Ecco, hai fatto bene a dire “ci aiuti, in un certo senso”… in realtà tutte le persone che vi hanno abbandonato nel corso della vostra vita continuano a seguirvi e a restarvi accanto e qual è il desiderio di una persona che segue un’altra persona a cui è affezionata? Quello di aiutarla, cercando di suggerire ciò che più ritengono giusto fare per evitare alla persona amata di commettere errori. 

Questo potrebbe, in teoria, andare a cozzare contro la legge del karma perché se l’individuo deve attraversare certe esperienze e dall’aldilà gli arrivano suggerimenti su come evitare i problemi, ecco che andrebbe a carte quarantotto l’intero disegno dell’Assoluto.
Allora cosa succede? Succede che tutte queste entità continuano sempre a mandarvi queste idee utili per voi stessi, solo che voi non potete recepirle tutte, recepite solo quelle per cui tanto sareste arrivati voi stessi a quella soluzione, a quell’atto.

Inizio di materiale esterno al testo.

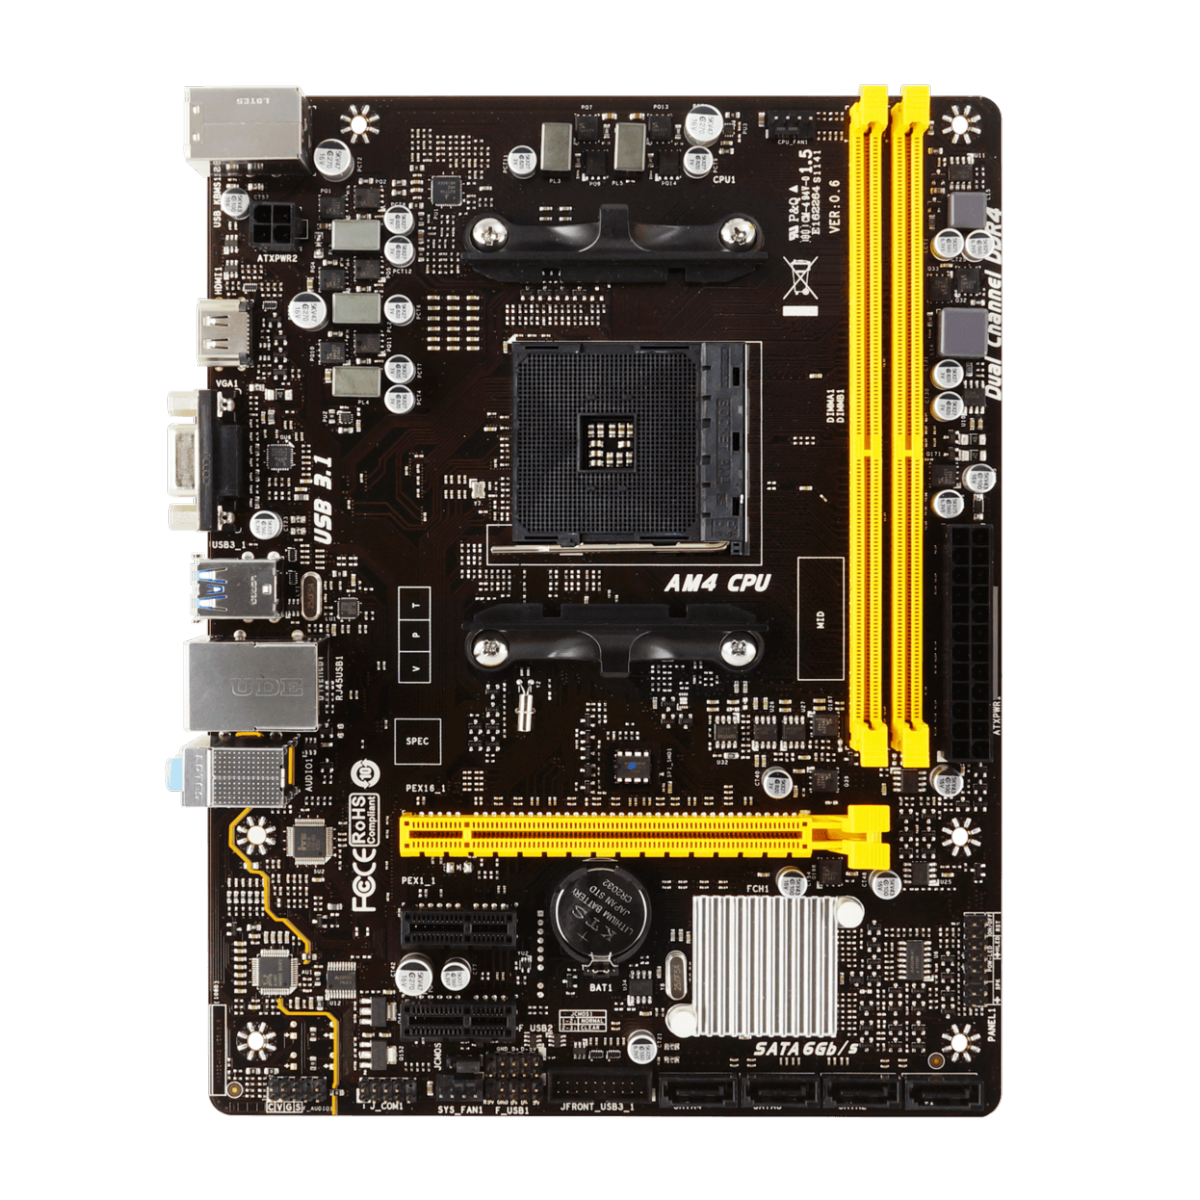 Kit Upgrade Biostar GeForce GT 610 2GB + Ryzen 3 3300x + Biostar A320MH + Cooler de Brinde

Così da una parte recepite l’amore che loro vi mandano e dall’altra parte mettete in atto quello che voi avete compreso.

Se, invece, voi sentiste sempre i consigli che vi vengono inviati, voi non andreste mai incontro alla sofferenza, non subireste mai esperienze dolorose e questo, purtroppo, non è possibile; insomma: recepite tutte le cose per cui eravate già pronti a modificare voi stessi. Non vi è nulla, insomma, che vada contro le leggi dell’Assoluto.
È un po’ quello che accade in questi incontri: quante volte, io o i Maestri, diamo delle indicazioni alle persone che partecipano senza che neppure, spesso, venga richiesto, eppure pochi sono quelli che recepiscono davvero l’indicazione che si è voluta dare. 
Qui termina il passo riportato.